How to Get the Best Deal on Your New Car

gloved hand preparing to push a golf ball into the hole, text: They don't play fair. So don't play their game.

Use these tips to beat the dealership’s game.

So you're ready to buy a car. You get excited, let your guard down, and suddenly you have a much higher loan payment or longer term than you wanted. What just happened?

Whether you're car shopping for the 1st time or the 100th, going in prepared means walking out with a great deal on your new car.

  1. Know your credit score.

    There are a lot of reasons to know your credit score before you make any large purchase. When you buy a car, it's especially important. Finance managers can use credit ignorance against you by selling you a high-rate loan when you could get a lower one.

    Not knowing your current credit report will make you an easy target.

  2. Walk in with your loan.

    The best way to get a fair, honest rate on a car is to get your loan through us before you even set foot in the dealership. If you see us first, you can walk into the dealership with your financing already approved, saving you time and money.

    You'll know how much you can spend, your interest rate, and how much your monthly payment will be.

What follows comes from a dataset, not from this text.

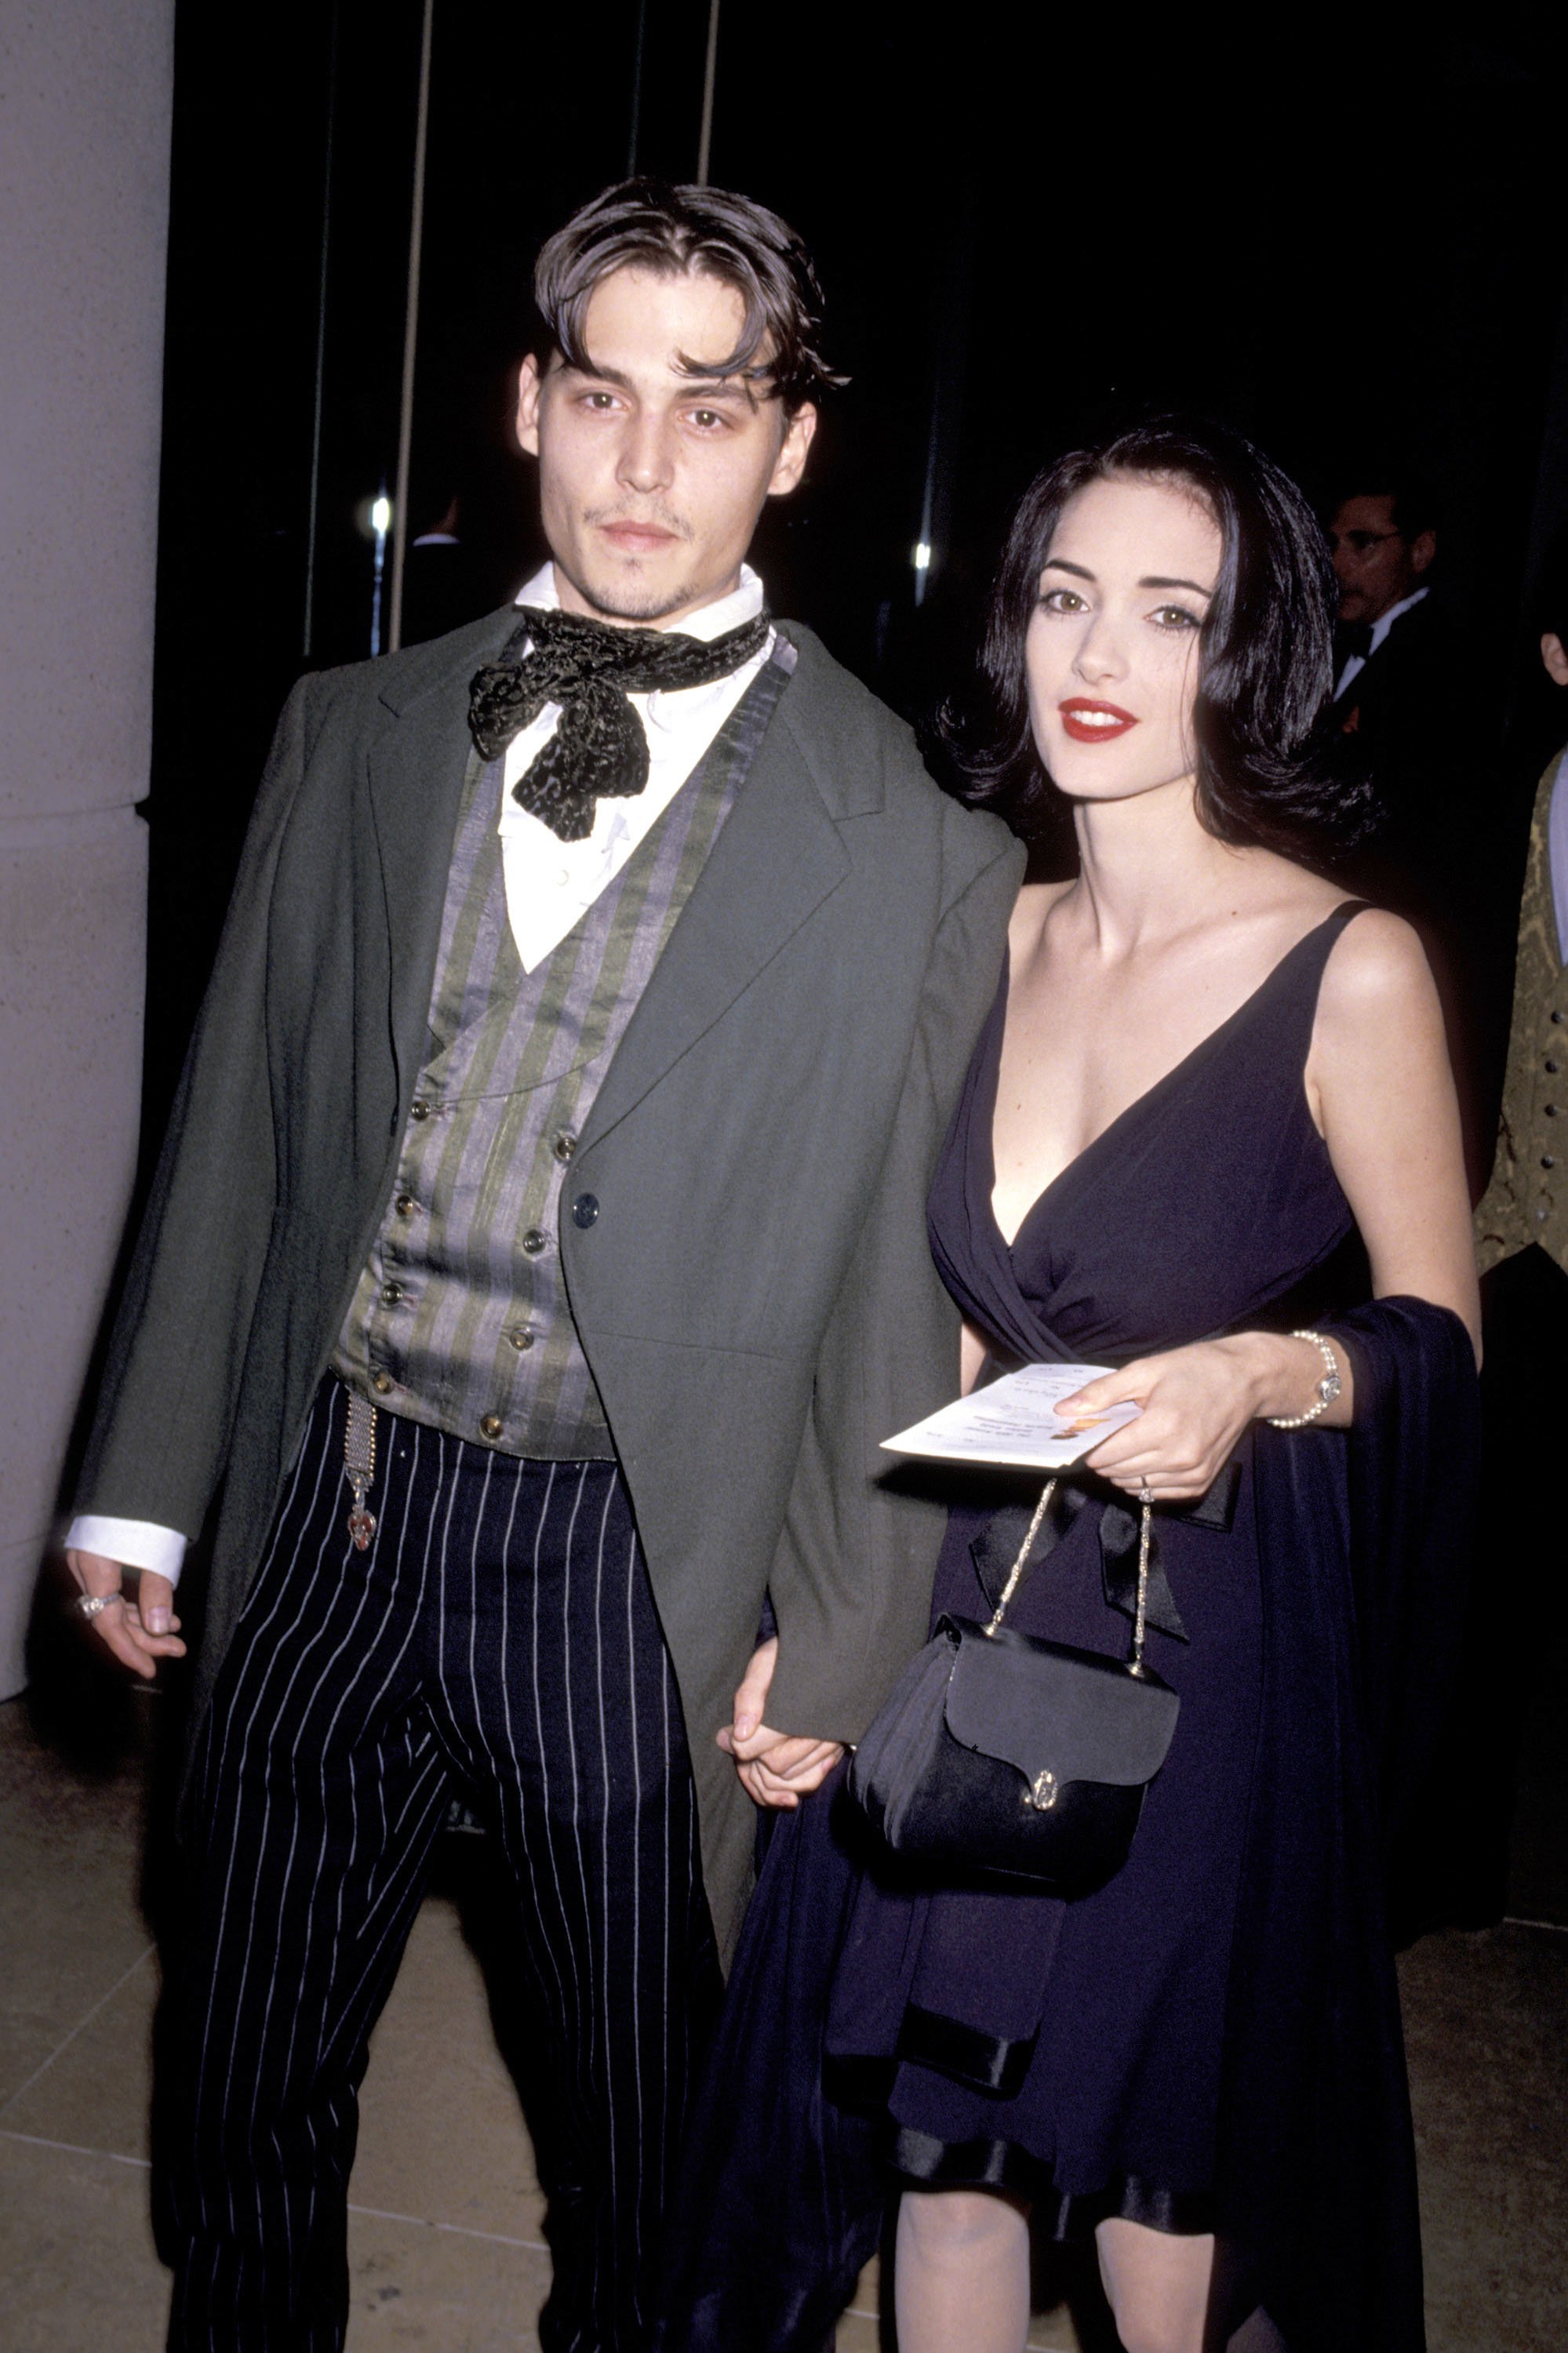 Johnny Depp and Winona Ryder at the 48th Annual Golden Globe Awards on January 19, 1991. | Source: Jim Smeal/Ron Galella Collection/Getty Images

  3. Go in with the best information.

    If you're trading a car in, know how much it's worth. We can help you with that by giving you the Black Book value. If you know what type of car you're buying, we can give you the Black Book value on that, too.

    The Black Book Guide is widely used by dealerships to determine their car prices. When you know what the salesperson knows, negotiating gets easier. If you want to understand why knowing the Black Book value can help, you can learn more about the big three car value guides.

    A few minutes of research before you shop can save you thousands.

  4. Never let your guard down.

    Most people are already guarded around salespeople. Even the most honest and trustworthy salesperson is still pushing for a sale and isn't very interested in your financial well-being.

    The finance officer is no different. The people in the finance office are usually not financial experts and they're not there to give you financial advice. They only have to get the loan.

    Be just as careful of the finance manager as you would the salesperson. Both are selling you something.

  5. Know the traps.

    You’re already on guard against a high-rate loan. But you might not expect the dealership to offer you a loan at a far lower rate than you qualify for.

    It's a rate so low you don't want to say no. But after a few days, you get a call and find out that the financing fell through. Don't worry, you can keep the car—the finance officer found you a different lender. The only problem? Your new rate is through the roof, which raises your payment, and you've already signed the contract and driven off with the vehicle.

    Don't panic if this happens to you. Come to us—we can help.

  6. Don't tell them too much, too soon.

    Don't let the salesperson know your loan is covered until after you settle on a price. If you already have a loan, dealers have to make their money on the car sale. If they know that, they'll be less flexible on the price.

    When the salesperson talks to you about your trade-in, they’ll always ask how much you owe on the car. If you owe less than the car is worth, get the offer on your trade-in before you answer that question. When they know how much you need to cover the loan, that's the offer you might get, even if your car is worth more.

    Don't get fast-talked into giving away more information than they need to know.

  7. Be able to walk away.

    Whoever can walk away controls the deal. Even if the dealership's offer seems great, leave to think about it or let us help you go over it. We might be able to beat it. If not, we’ll tell you.

    If the finance officer says you have to make a decision immediately, leave anyway.

    Never trust anyone who doesn't want you to think over a contract.

  8. Don't let the process wear you down.

    These tips might seem a little excessive to you. Maybe the dealership's loan is good enough. You're only off the payment you want by $50 or so, and if you just sign the papers you can take the car home tonight.

    But that $50 every month adds up. Over a 60 month loan, that's $3,000 plus interest. Who would you rather have an extra $3,000—the dealership or yourself?

    Think of it another way: Would you volunteer to pay $50 more every month on your phone bill?

  9. Salespeople and finance managers aren't usually out to scam you. They're just people trying to do their jobs and make a living. But when you're buying a car, they don't have your best interests in mind.